For rulers hold no terror for those for those who do right, but for those who do wrong. Do you want to be free from fear of the one in authority? Then do what is right and he will commend you. For he is God's servant to do you good. But if you do wrong, be afraid, for he does not bear the sword for nothing. He is God's servant, an agent of wrath to bring punishment on the wrongdoer.

The punishment that governing authorities inflict is an aspect of the outworking of the wrath of God on sinners. It is partial. It anticipates the full outpouring of God's utterly just wrath at the Day of Judgement. It is inevitably provisional and imprecise. No governing authorities, however godly in intention, will ever get it 100% right. But as far as possible it should be in accordance with the principles that are to be found in God's law. So what are those principles in relation to punishment? We can do no more than touch on an immensely important topic here, which has wide implications for the way that we operate as a nation. If you wish to consider these matters in more detail, let me commend to you a very helpful book by Chris Wright, called 'Living as the People of God: The Relevance of Old Testament Ethics'. He says that the study of the penal provisions especially in Deuteronomy point to what he calls the 'clear and positive principles on which Israelite punishments operated' - which should underly our own policies. He sums up the ingredients of punishment in this way:

Retribution. The offender was to suffer his just legal deserts which should be appropriate to the offence. That is the significance and justification of [the principle: 'eye for eye, tooth for tooth']. It was a very limiting law, preventing excessive or vengeful punishment. Purging. Guilt had to be 'wiped away' from God's sight. Deterrence. 'All Israel shall hear and fear.' i.e. be afraid to do the same. Restoration. The offender remained a brother and was not to be degraded. Compensation. Restitution was made to the injured party - not to the state as a fine.

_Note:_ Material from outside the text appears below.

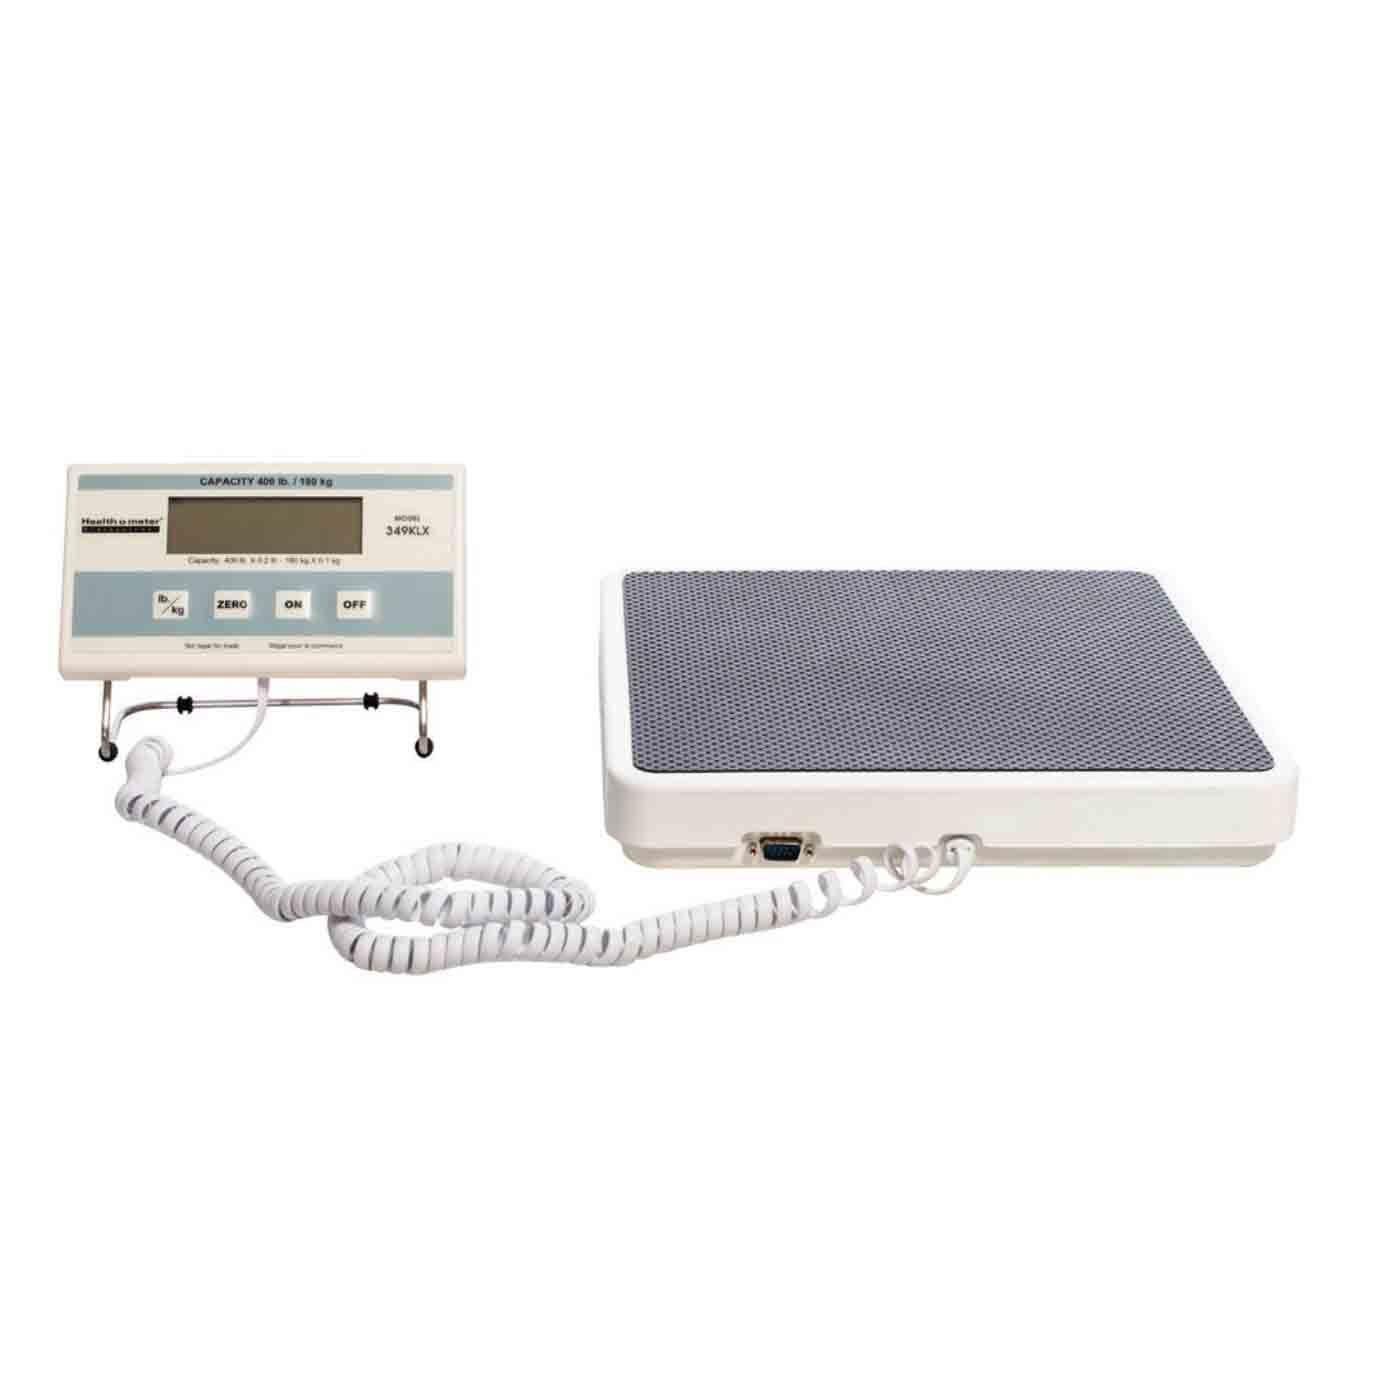 Health o meter 349KLX Remote Display Digital Floor Scale

Punishment must be appropriate to and proportionate with the crime. It is that principle of retribution which anchors all the others. It is the fair and consistent application of that principle (rather than one or two punitive high profile cases) which serves to purge and deter. So, in conclusion, justice requires just and God-honouring executive government. It requires just laws. But it also requires that those laws are justly applied and enforced. All of that means that if we are seeking to live in submission to God's will and Word, three things should be true of us. First, we will obey the law. Secondly, we will disobey the law of the land only when required to do so by obedience to the law of God. And thirdly, we will pray for and work for justice. That will mean praying for and working for, either directly or by supporting others, godly executive government, godly legislation, and a godly judiciary. We need to ask ourselves whether we are doing those three things. How can you get involved in doing justice, to the glory of Christ our just King who will one day judge us all?